Until recent years, most speech recognition systems use Hidden Markov Models (HMMs) to deal with the temporal variability of speech and Gaussian Mixture Models (GMMs) to determine how well each state of each HMM fits a frame or a short window of frames of coefficients that represents the acoustic input [1]. GMMs and HMMs co-evolved as a way of doing speech recognition when computers were too slow to explore more computationally intensive approaches as neural networks [2]. Better training algorithms and faster processors lead to a new interest for the application of neural networks for speech recognition. In 2012, a clear breakthrough of neural networks for speech recognition came with the introduction of the hybrid context-dependent deep neural network hidden markov model (CD-DNN-HMM) , which outperformed the hybrid GMM-HMMs in all usage scenarios [3].

This article should describe the CD-DNN-HMM architecture in detail. First, the architecture of the CD-DNN-HMM should be explained. Consecutively, the advantages of the CD-DNN-HMM architecture compared to the GMM-HMMs will be pointed out. In the last section, different experiments confirm the theoretical thoughts about the reason for the strength of the CD-DNN-HMM.

# 2. Architecture

The context dependent deep neural network (CD-DNN) simply replaces the GMM in common GMM-HMM systems. Figure 1 shows the general architecture of a state-of-the-art speech recognition system. Figure 2 shows the architecture of the CD-DNN-HMM introduced in [3].

Figure 1: General architecture of a speech recognition system.                                                                Figure 2: Architecture of the CD-DNN–HMM [4].
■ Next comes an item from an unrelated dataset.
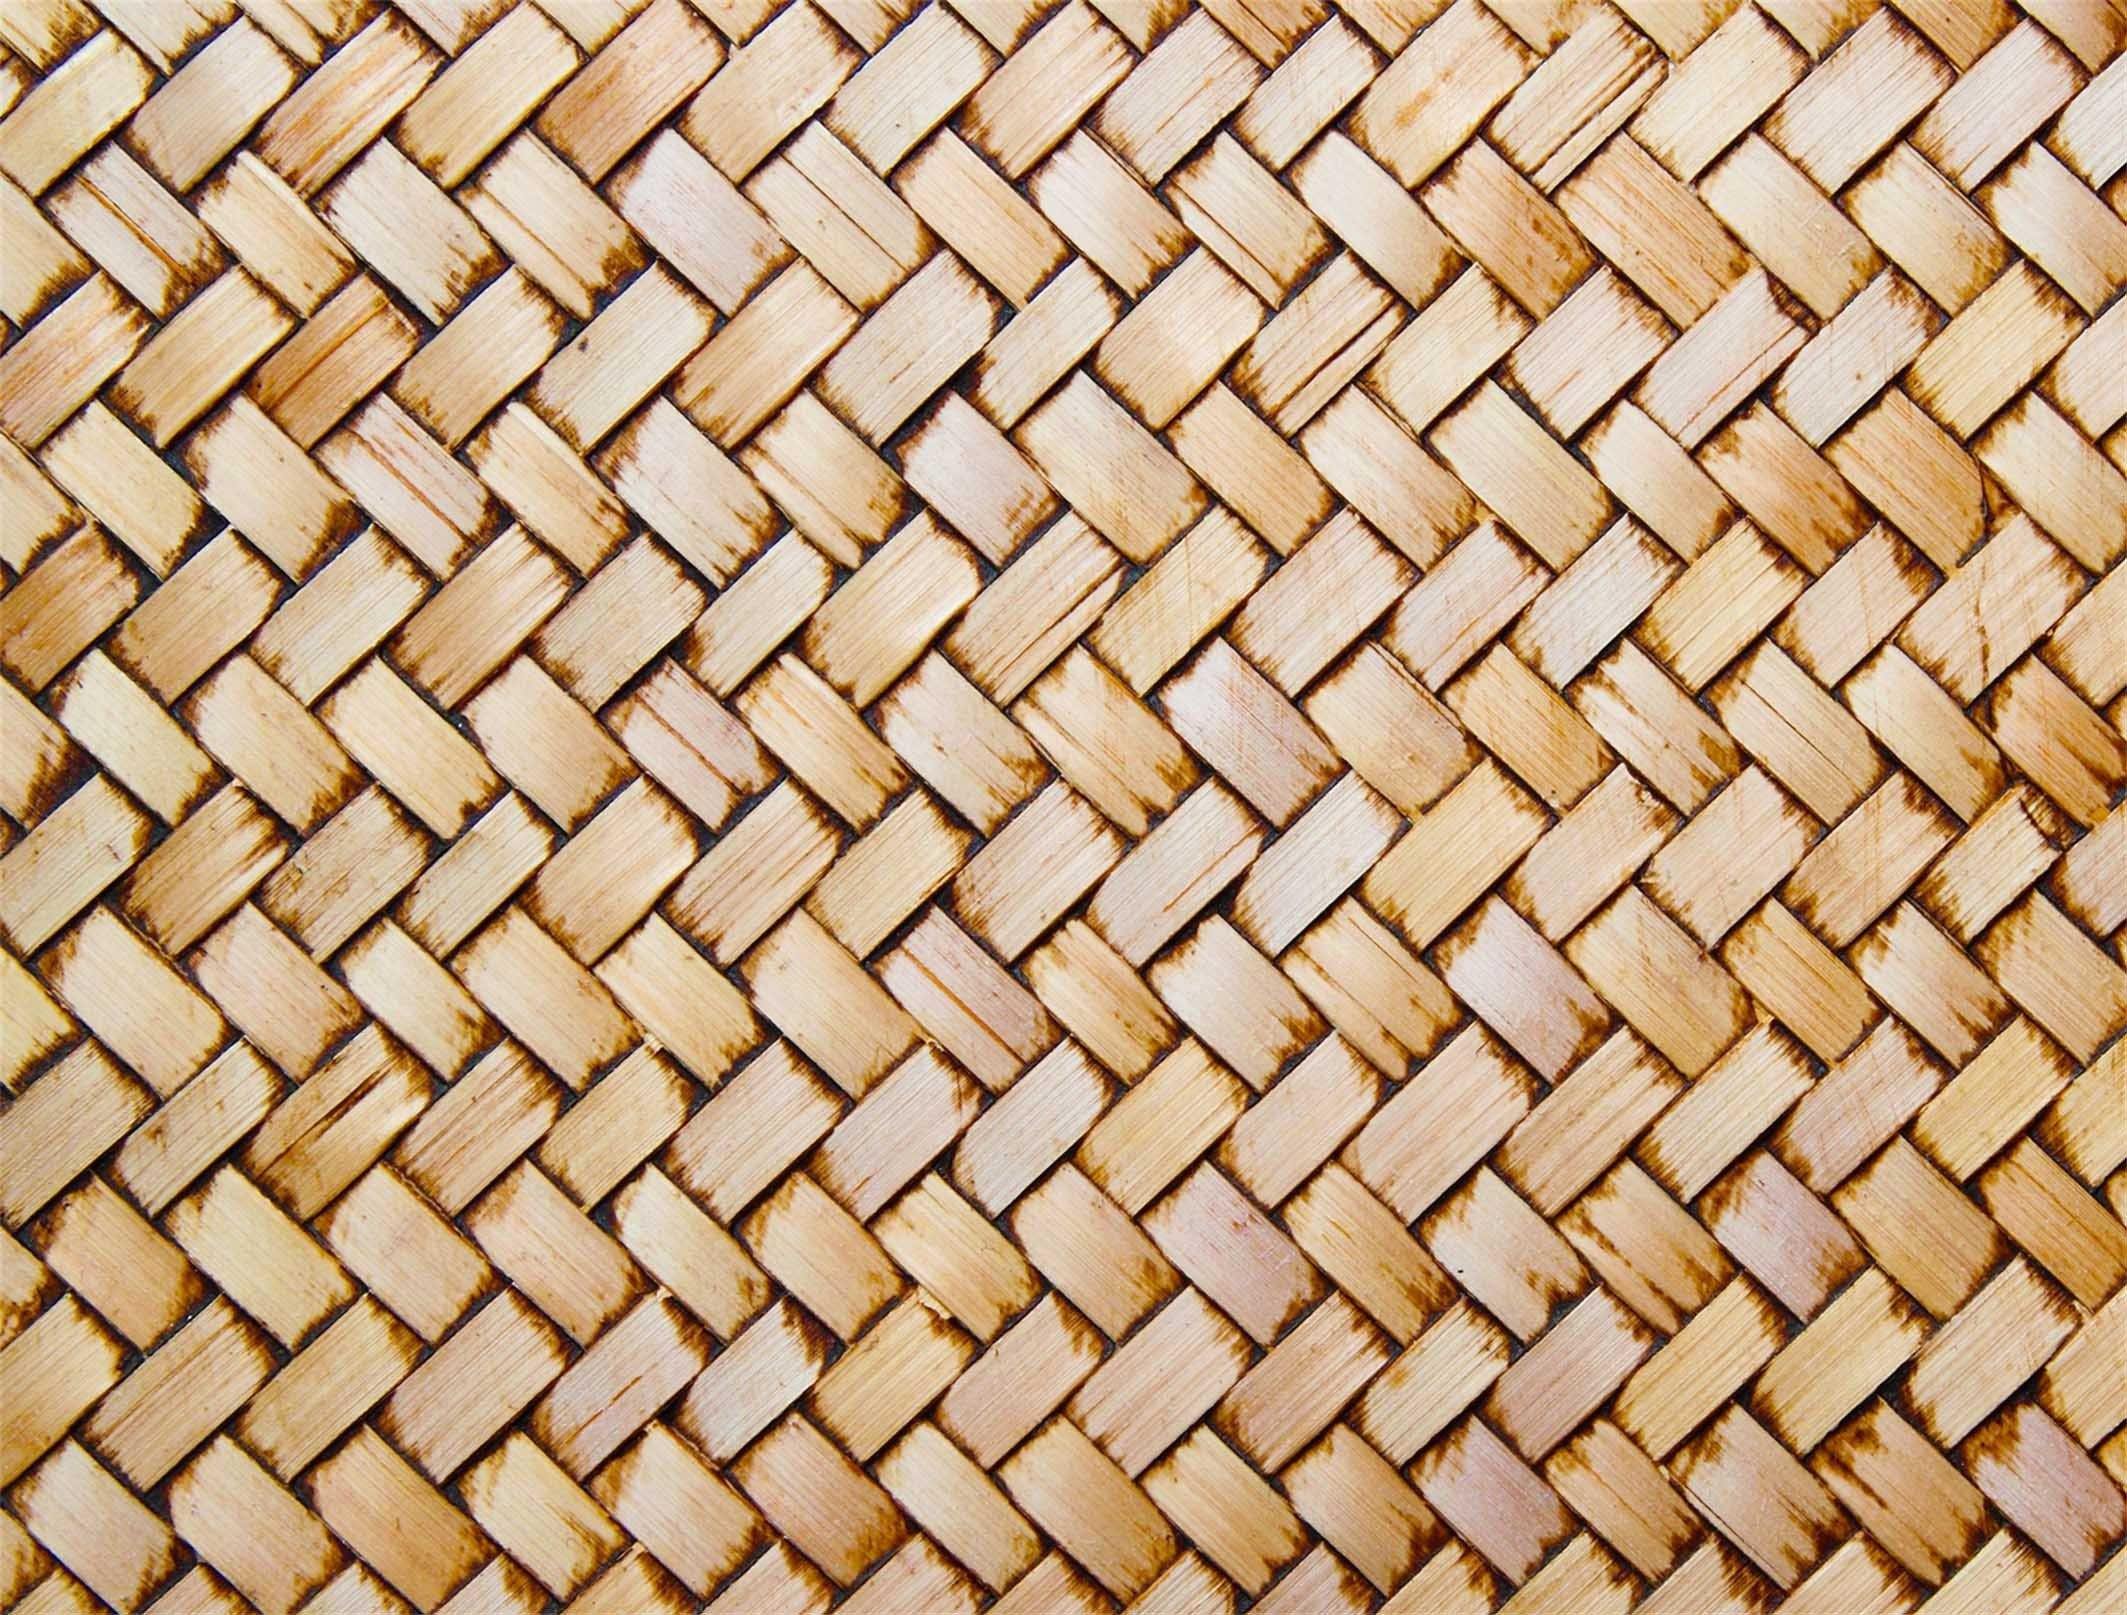 3D Retro Bamboo Weave Kitchen Mat Floor Mural Wallpaper AJ Wallpaper

The neural network consists of an input layer, several hidden layers and an output layer. The input of the neural network is composed of the feature vectors of several frames in the the context window. For example, the context window in [3] consists of the feature vectors of 5 predecessor frames, 1 central frame and 5 successor frames. The weights and neurons in the hidden layers should give the model enough degrees of freedom to model speech. The model in [3] has 5 hidden layers with 2048 neurons. The last layer implements the softmax function and produces the output posterior probabilies for the different HMM-states. For any target HMM state, the model needs one output neuron. The HMM is necessary to model the temporal structure of speech by managing the transition probabilities between different states. In [3], the HMM states are  senones (tied context-dependent triphone states). With the algorithm of Bengios work [5], the whole CD-DNN-HMM can be optimized globally using backpropagation.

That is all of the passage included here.